Treatment of Insulin Dependent Diabetes in Dogs

(13) Treating Dogs With Insulin Dependent Diabetes

(14) Insulin with the Compound A according to the invention or a combination of active substances according to the invention, in addition to producing an acute improvement in the glucose metabolic situation, prevents deterioration in the metabolic situation in the long term and reduces the insulin dose needed to treat the diabetic canine. This can be observed if dogs are treated for a shorter or longer period, e.g. 2-4 weeks or 3 months to 1 year, with the pharmaceutical composition according to the invention and are compared to the metabolic situation prior to treatment or with dogs that have been treated with e.g. insulin alone. There is evidence of therapeutic success if daily mean blood glucose and fructosamine level are reduced as compared to pre-treatment level. Further evidence of therapeutic success is obtained if a significantly smaller percentage of the dogs treated with a pharmaceutical composition according to the invention, compared with dogs who have been treated with other medications, undergo transient deterioration in the glucose metabolic position (e.g. hyper- or hypoglycaemia).

Example 4

Improvement of Insulin Resistance Diabetes in Female Dogs With Dioestrus/Gestational Diabetes

(15) Insulin resistance diabetes is a frequently found form of diabetes in intact female canine animals. Therapy with Compound A may be provided with the objective of preventing the transition to manifest diabetes. In studies over a shorter or longer period (e.g. 2-4 weeks or 1-2 years) the success of the treatment is examined by determining the fasting glucose values and/or the glucose values after a meal or after a loading test (intravenous glucose tolerance test or food tolerance test after a defined meal) during the study throughout the different phases of the menstrual cycle and/or after the end of the period of therapy for the study and comparing them with the values before the start of the study and/or with those of a placebo group. In addition, the fructosamine value can be determined before and after therapy and compared with the initial value and/or compared with dogs that have been treated with other medications or placebo. A significant drop in the fasting or non-fasting glucose and/or fructosamine levels demonstrates the efficacy of the treatment of insulin resistance—diabetes and preventing manifest diabetes in female dogs with a history of dioestrus/gestational diabetes.

Example 5

Treatment of Hyperglycaemia

(16) In clinical studies in dogs with metabolic disorders running for different lengths of time (e.g. 2 weeks to 12 months) the success of the treatment is checked using the measurement of baseline blood glucose and/or blood fructosamine.
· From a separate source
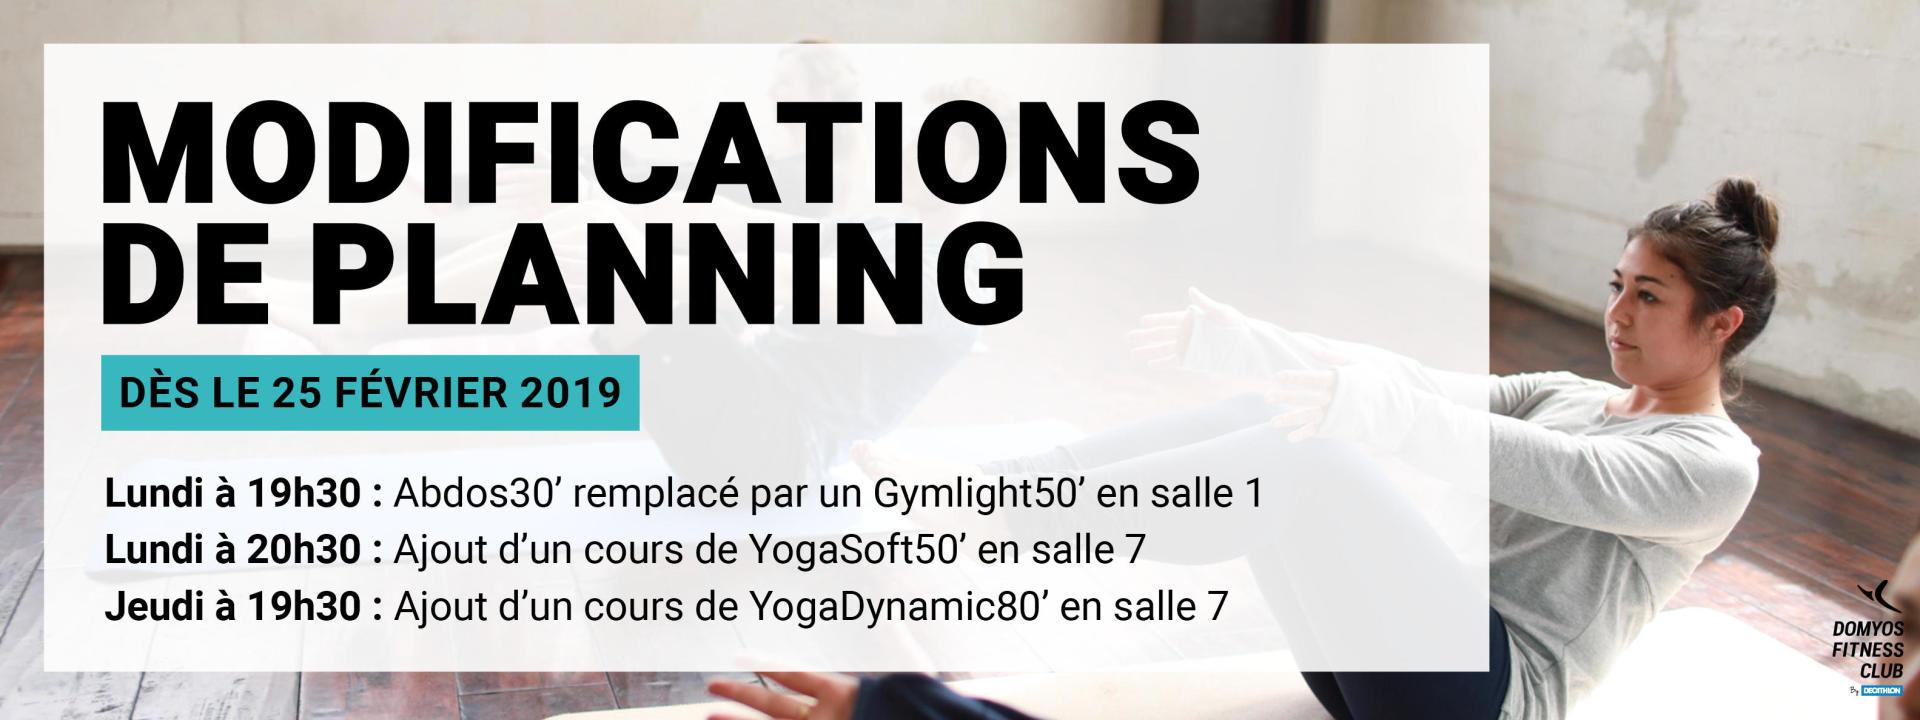 Modif Planning Lille 2019
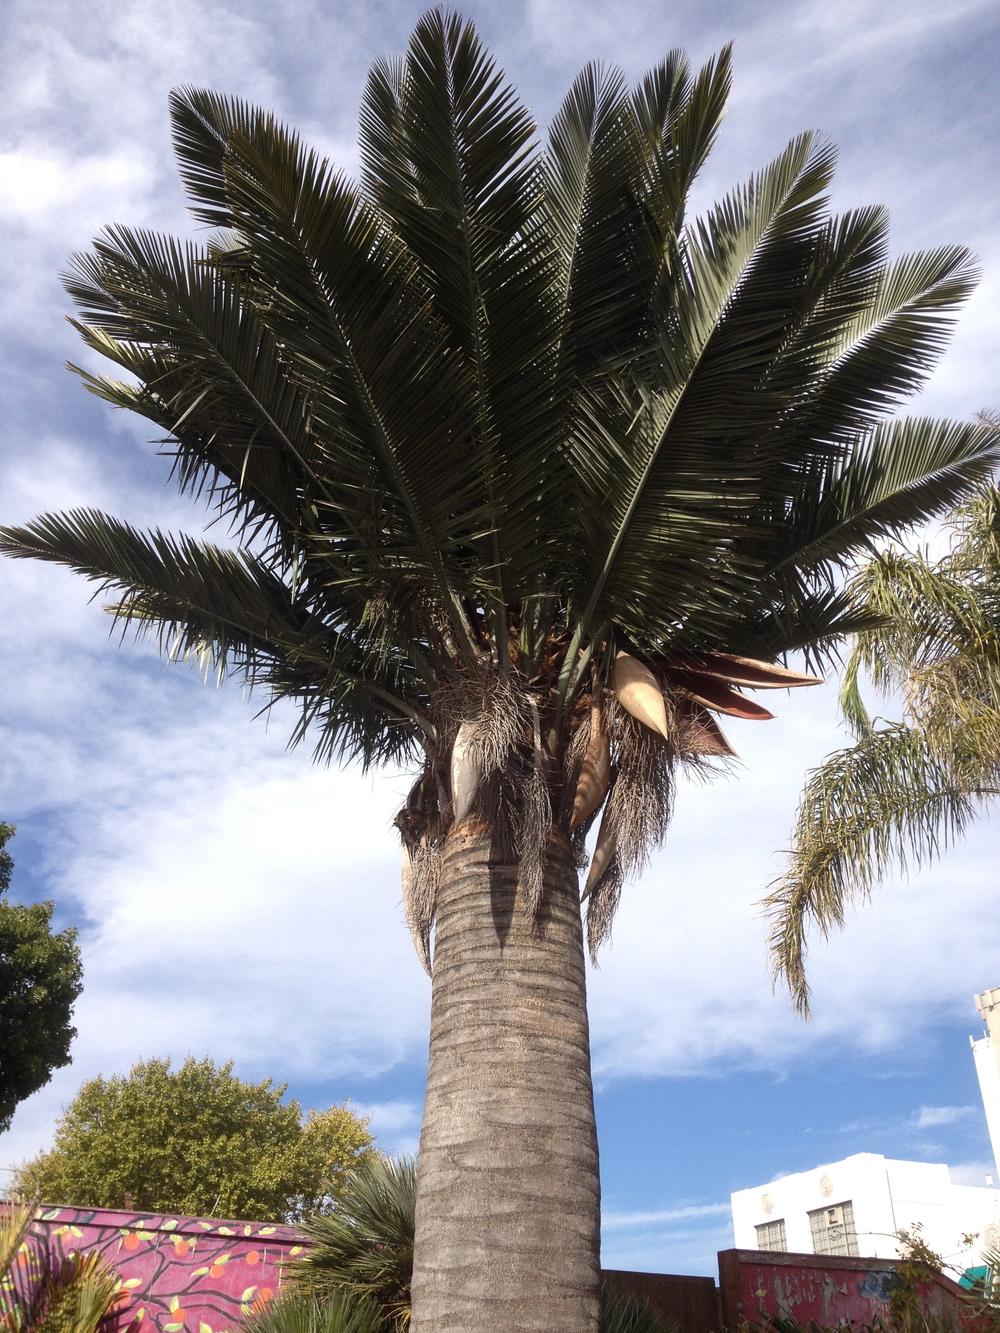 Chilean wine palm (Jubaea chilensis) on Florida Street

(17) The improvement of glycaemic control can furthermore be determined establishing diurnal blood glucose curves, e.g. a 9 or 24 hour blood glucose curve starting prior to medication and repeated measurements post dosing.

(18) A significant fall in these values during or at the end of the study, compared with the initial value or compared with a placebo group, or a group given a different therapy, proves the efficacy of a pharmaceutical composition according to the invention in the reduction of hyperglycaemia in dogs.

(19) Alternatively, the effect of compound A on hyperglycaemia can be shown in dogs subject to a continuous glucose infusion (hyperglycaemic clamp). The normalization of the hyperglycaemia can be evaluated as compared to no treatment and/or to a combined treatment with insulin and/or a treatment with insulin alone.

Example 6

Prevention or Treatment of Hyperglycaemia Associated Complications

(20) The treatment of hyperglycaemic or insulin dependent or insulin resistance diabetic dogs with Compound A according to the invention or a combination of active substances according to the invention prevents or reduces hyperglycaemia associated complications, e.g. cataract formation.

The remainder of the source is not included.